Prudhoe Bay Pollution Looms Large

+ Prudhoe Bay averages over one spill a day of petroleum or other hazardous waste -- in 1996 there were 427 spills.

+ Prudhoe Bay, once called the height of responsible drilling, is home to an industrial complex so large, astronauts report seeing it clearly from space.

+ Oil and gas drilling in Prudhoe Bay currently creates 43,000 tons of nitrogen oxides a year -- twice as much air pollution as the city of Washington DC.

Instead of Drilling the Arctic, Raise CAFE, Increase Efficiency, Invest in Renewables

Instead of drilling in the Arctic, we could find a new source of oil by raising automobile and light-truck fuel-economy standards, increasing the energy efficiency of our homes and investing more in renewable sources of electricity, like wind- and solar-power.

+ If we increased fuel economy standards by just 6 percent each year, in the decade that it would take for oil from the Arctic Refuge to become available, we could be saving 1.1 billion barrels of oil annually.
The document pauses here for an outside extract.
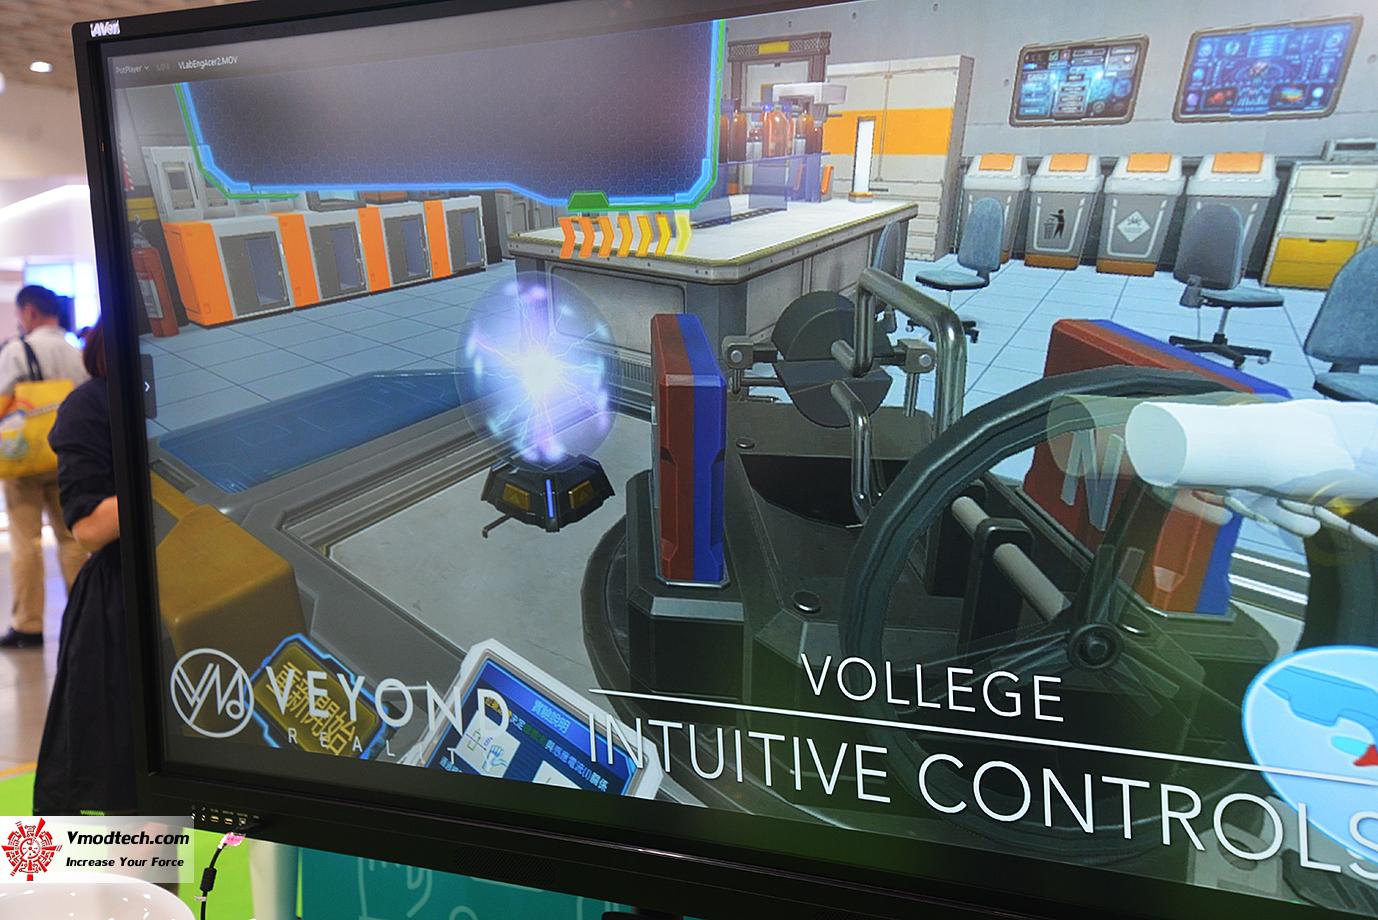 dsc 8613 เยี่ยมชมบูธ Smart Education ระบบการศึกษาอัจฉริยะในงาน 2019 SMART CITY SUMMIT & EXPO ณ กรุงไทเป ประเทศไต้หวัน
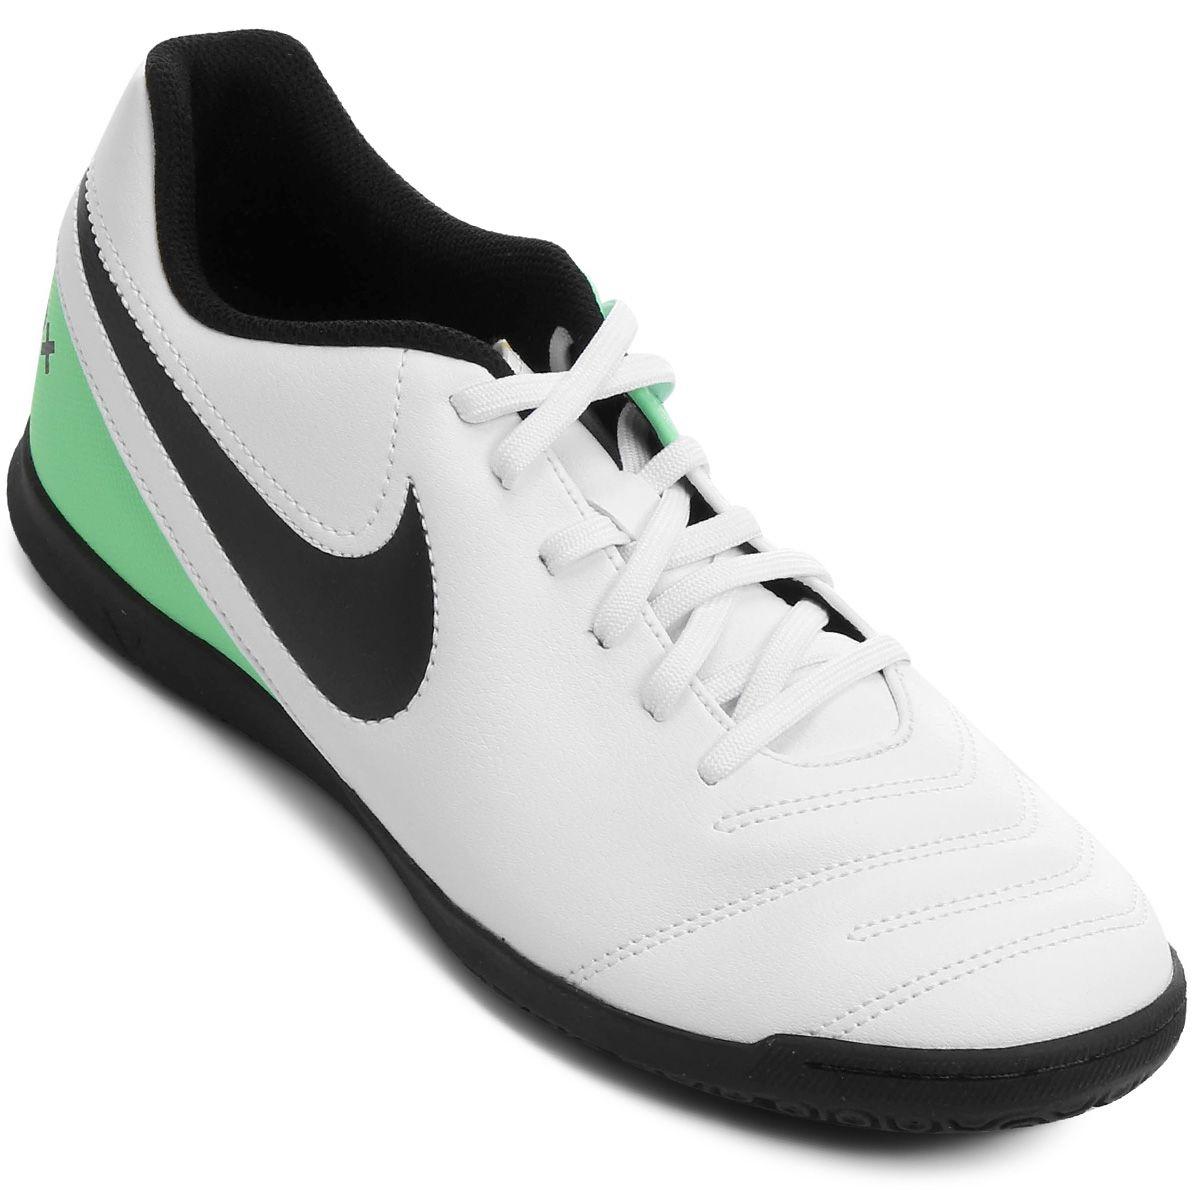 0b48dbc4d5 Chuteira Futsal Nike Tiempo Rio 3 IC Masculina - BRACIA SHOP  Loja ...

That's more oil than we import from the entire Persian Gulf and within three years of full implementation would equal the total amount of recoverable oil estimated to be in the Arctic Refuge's coastal plain.

Increasing the efficiency of our homes could also do much to cut the use of heating oil, but, in the long term, only renewable sources of energy, like solar and wind-power, will give us stable, clean and plentiful energy.